Breast Cancer… not me
I come from one of those lucky families with no breast cancer at all. I used to sit in a doctor’s office and casually check the box proclaiming a breast-cancer-free family. I would imagine my sister and eight female first cousins doing the same thing. But all that changed for my entire family in November of 2003. My doctor had ordered me to have my first mammogram in February but I, being certain there was no possibility of a problem, didn’t bother to go until late fall. I figured that sometime in the calendar year would be fine. I went in, got my breasts kneaded and smashed in the giant x-ray machine, went home and thought nothing of it. A week later they called to say I needed a biopsy and still, and I am being completely honest, I was totally calm. Biopsy Shmiopsy! I just kept thinking, “I have NO breast cancer in my family.” After the biopsy, the doctor from the Imaging Center called… not the technician…. telling me I needed to see a specialist. Luckily my OBGYN in New York City knew a breast specialist who was doing amazing things with reconstruction, but still, call it denial, I was perfectly calm.
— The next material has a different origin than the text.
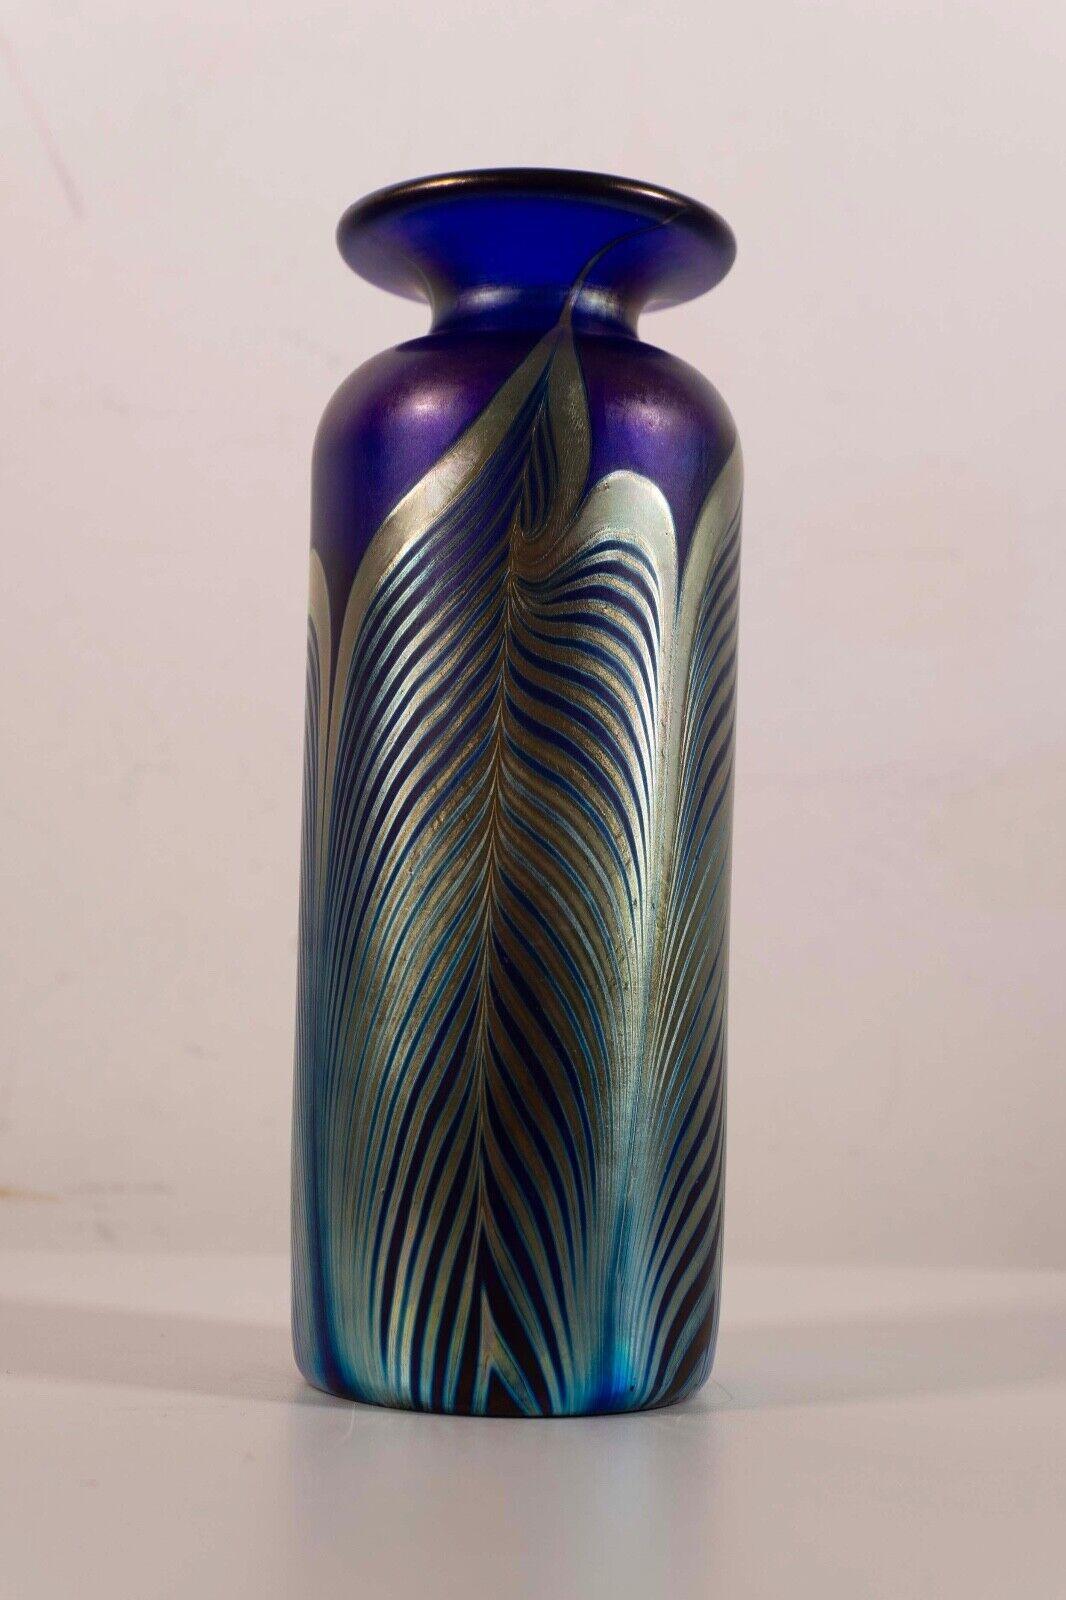 This Stephen Fellerman signed small glass vase beautifully channels the Art Nouveau style with its exquisite blend of blue and green hues. The sinuous lines and delicate patterns evoke the timeless elegance of the Art Nouveau era, while the artist's

It took me two weeks to get an appointment and my sister went with me. There was a long wait and finally Blake had to leave. Again without a care, I sat alone in that waiting room filled with very serious people holding hands. Call me the queen of denial, but I sailed into the exam room with my breast-cancer-free-family mantra running through my mind. All that changed when my doctor did a sonogram and found the telltale uneven borders on my tumor. She said that if I had any plans tomorrow I should cancel them because she needed to do a lumpectomy immediately! It had taken me 14 days to get in to see her, and suddenly she could operate on me the next day? For the first time I was completely and utterly scared.
There are moments in your life when you realize how lucky you are to have married just the right person. I had one that night. My husband told me that if I had to lose my left breast he would make certain they gave me two really big ones in exchange. We laughed so hard we fell down, and to this day it always makes me smile.
The surgery was fast and instead of cancer, I got a syndrome and a scar. The tumor had a marker giving me a 75% chance of getting cancer in either breast. I see my specialist every three months and get my yearly mammogram. Truthfully, I don’t think about it too often, but when Elizabeth Edwards announced that her cancer had returned, I felt lightheaded for a moment and also profoundly sad for her and her family. I thought about the thousands of women diagnosed with breast cancer each year and about all their sisters, cousins, and daughters who now have to check the breast cancer box like me and my family.
Comments
In my family, cancer is by no means a foreign word. You name it -- breast, stomach, carcinoma, melanoma -- we've laid claims to enough varieties of the disease to rival Baskin Robbins' 32 flavors. But just like with ice cream my family's resolve has been to "just lick it" -- which means staying proactive when it comes to our health.
So many women, whether there is a history of disease in their families or not, fail to take the simplest steps to keep their health in check. For example, doing a simple breast self-examination monthly can lead to early detection. Three women in my family discovered their lumps through self-exams, had lumpectomies, and have been declared breast cancer-free. I have begun annual full-body exams with a dermatologist since a family member was diagnosed with advanced melanoma. Lathering sunscreen on my body has become a compulsory part of my morning routine.
I'm glad your experience turned out ok. I hope all women take charge of their health so they can lead long, healthy lives.